The oil and gas industry is crying wolf on common-sense, job-intensive, revenue-earning, royalty-generating, health-improving methane rules that are coming from the Environmental Protection Agency and the Bureau of Land Management.
Let’s start with the basics. Methane is natural gas, and it leaks silently and invisibly out of both oil and gas operations. It is also intentionally vented and flared into our air when it could be captured and then used or sold. Methane is 86 times more potent as a global-warming gas than carbon dioxide over a 20-year period, so it’s incredibly damaging to the climate and may make oil and gas even more carbon-intensive than coal.
Volatile organic compounds, like benzene, leak out of these operations along with the methane, and combine with other compounds and sunlight to form ozone (or smog, as it is more commonly known). Smog exacerbates asthma and causes respiratory disease.
San Juan and Eddy counties have “F” grades for ozone, according to the American Lung Association’s recent State of the Air Report. In low-population counties, smog is often attributed to oil and gas operations. But the methane and smog problems caused by industry actually have fairly simple solutions.
Twelve New Mexico companies design, manufacture and install the technology to capture leaking methane at little to no cost. In fact, some companies will pay for installation upfront and recoup their costs by sharing profits from the methane capture achieved.
Jason Espinoza of the Association for Commerce and Industry claims that the Sierra Club is overstating the benefits of methane capture. But there’s no need to take our word for it.
Look at Colorado, where comprehensive state rules were implemented two years ago. The Center for Methane Emission Solutions, a trade group of methane-mitigation companies, carried out an anonymous poll there that found that the rules were easy, cheap and saved industry money, not to mention the benefits of additional royalties that come to the state.
Espinoza also quotes old information that makes it look like methane pollution has dropped over the last couple of years, when in fact only last month the EPA found it had underestimated methane pollution by 34 percent nationwide. The EPA did set up a voluntary program for controlling methane, but only 41 companies nationwide signed up, and none of them were producers.

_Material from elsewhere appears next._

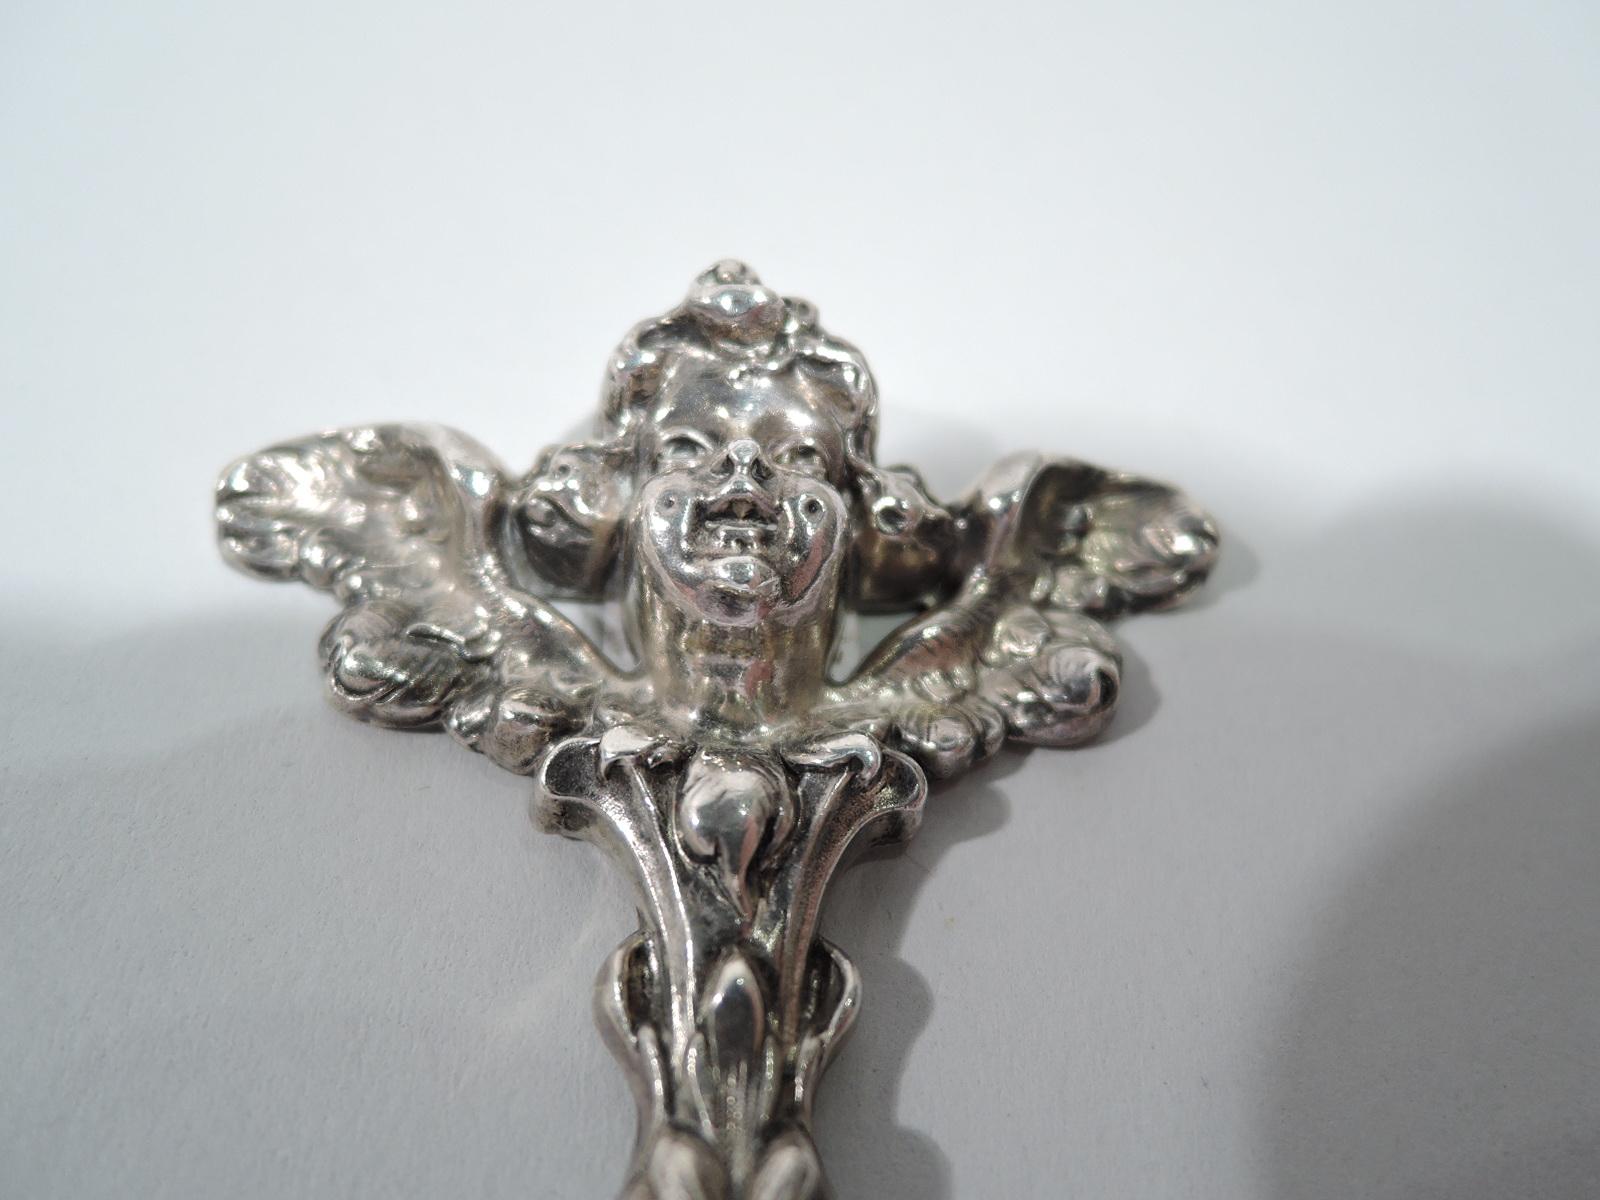 Turn of the century Art Nouveau sterling silver bookmark. Made by William B. Kerr in Newark. Dagger blade engraved with interlaced script monogram set in open frame. Cast terminal in form of winged cherub, a guiding spirit to help you keep your

The idea that methane rules should be applied only to new, high-producing wells doesn’t hold up to the science. First, methane is invisible and odorless, making it hard to tell when and where it’s leaking without doing proper inspections with infrared cameras. Also a major study of oil- and gas-producing basins throughout the country have shown that is nearly impossible to predict where and when leaks will happen. So it is essential that methane rules apply to all facilities and that inspections be regular.
Finally, Espinoza says we can be thankful that production of oil and gas has kept up in New Mexico, even as prices have gone down, ignoring the reality that U.S. oil and gas producers have created the very glut in the market that is keeping prices down. Thousands of people have been laid off thanks to the industry actively ignoring supply-and-demand economics.
Let’s put folks back to work retrofitting oil and gas facilities to capture a natural resource that actually makes money for industry and the state, while protecting the climate and health.
(EDITOR’S NOTE: The preceding op-ed was submitted in response to an op-ed by Jason Espinoza, New Mexico Association of Commerce president, published in the Sunday, May 22, edition of the Daily Press. Camilla Feibelman is the director of the Sierra Club: Rio Grande Chapter.)